What we find is that instead of converting the letter code to the right numeric code it converts AUS (should be 036) to 030, Armenia (051) to 041, and Argentina (032) to 026?

This mightn't be a question for the EE community, but thought I'd start here in case someone can see a pattern or maybe it is some binary thing that is doing math and converting that to a different number.

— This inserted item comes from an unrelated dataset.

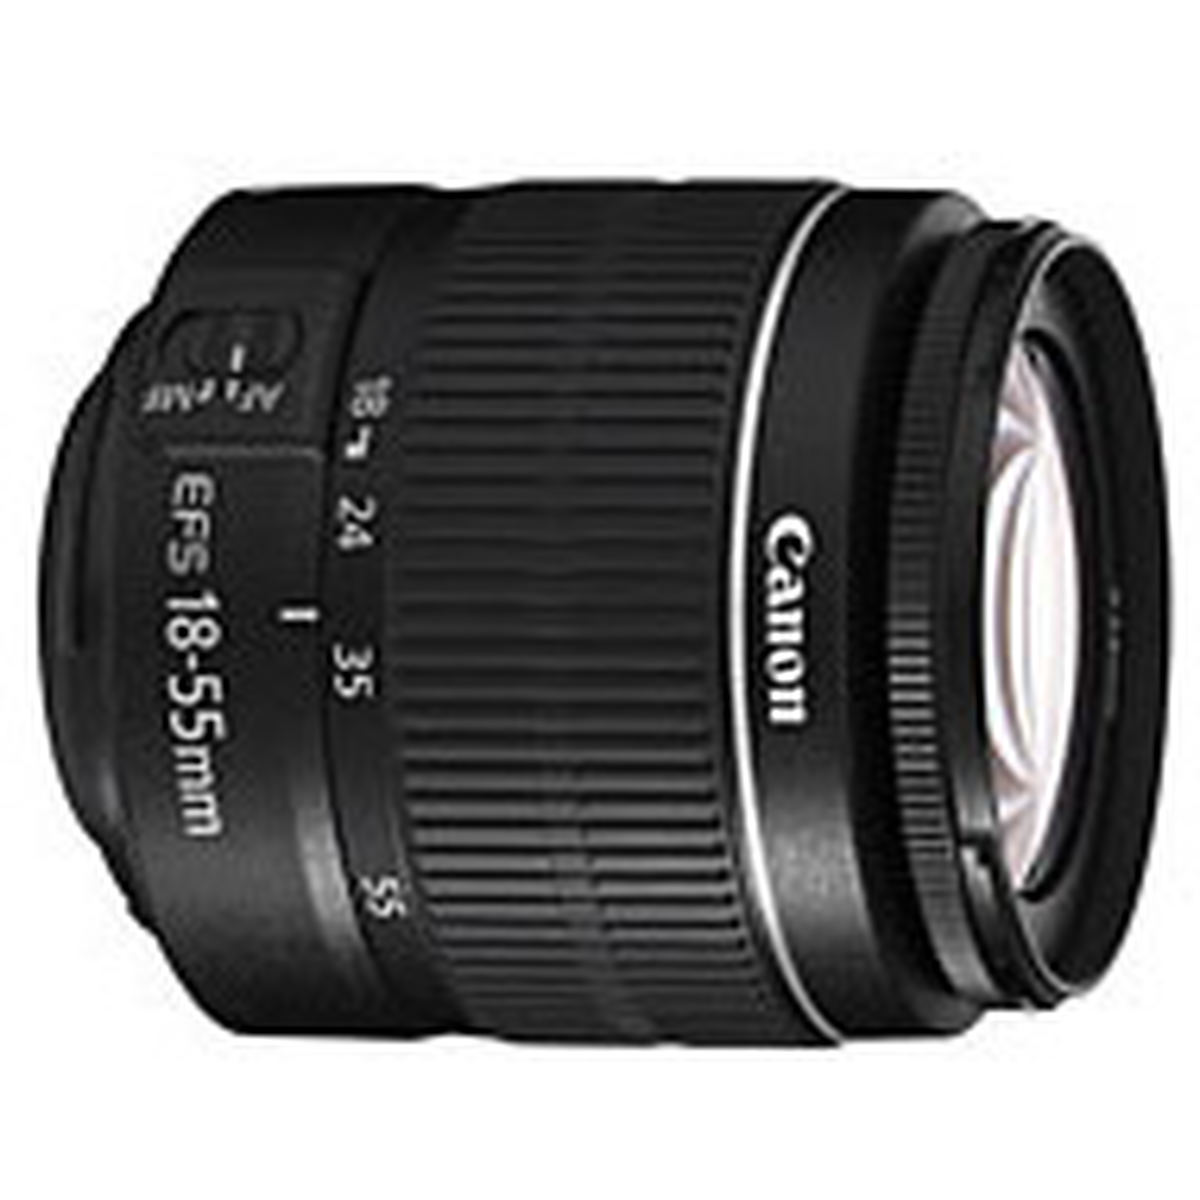 Canon EF-S 18-55mm f/3.5-5.6 III : Specifications and Opinions | JuzaPhoto

Sample of the code (not all of it):

private function alpha_three_to_numeric_country($country)
{
    switch ($country) {
    case "AFG":
        return 004;
        break;
    case "ALA":
        return 248;
        break;
    case "ALB":
        return 008;
        break;
    case "DZA":
        return 012;
        break;
    case "ASM":
        return 016;
        break;
    case "AND":
        return 020;
        break;
    case "AGO":
        return 024;
        break;
    case "AIA":
        return 660;
        break;
    case "ATA":
        return 010;
        break;
    case "ATG":
        return 028;
        break;
    case "ARG":
        return 032; etc...

1 Answer 1

4

I'm no expert, but I don't think numbers that start with a zero are programatically treated as integers (some Googling suggests they are treated as something called Octals).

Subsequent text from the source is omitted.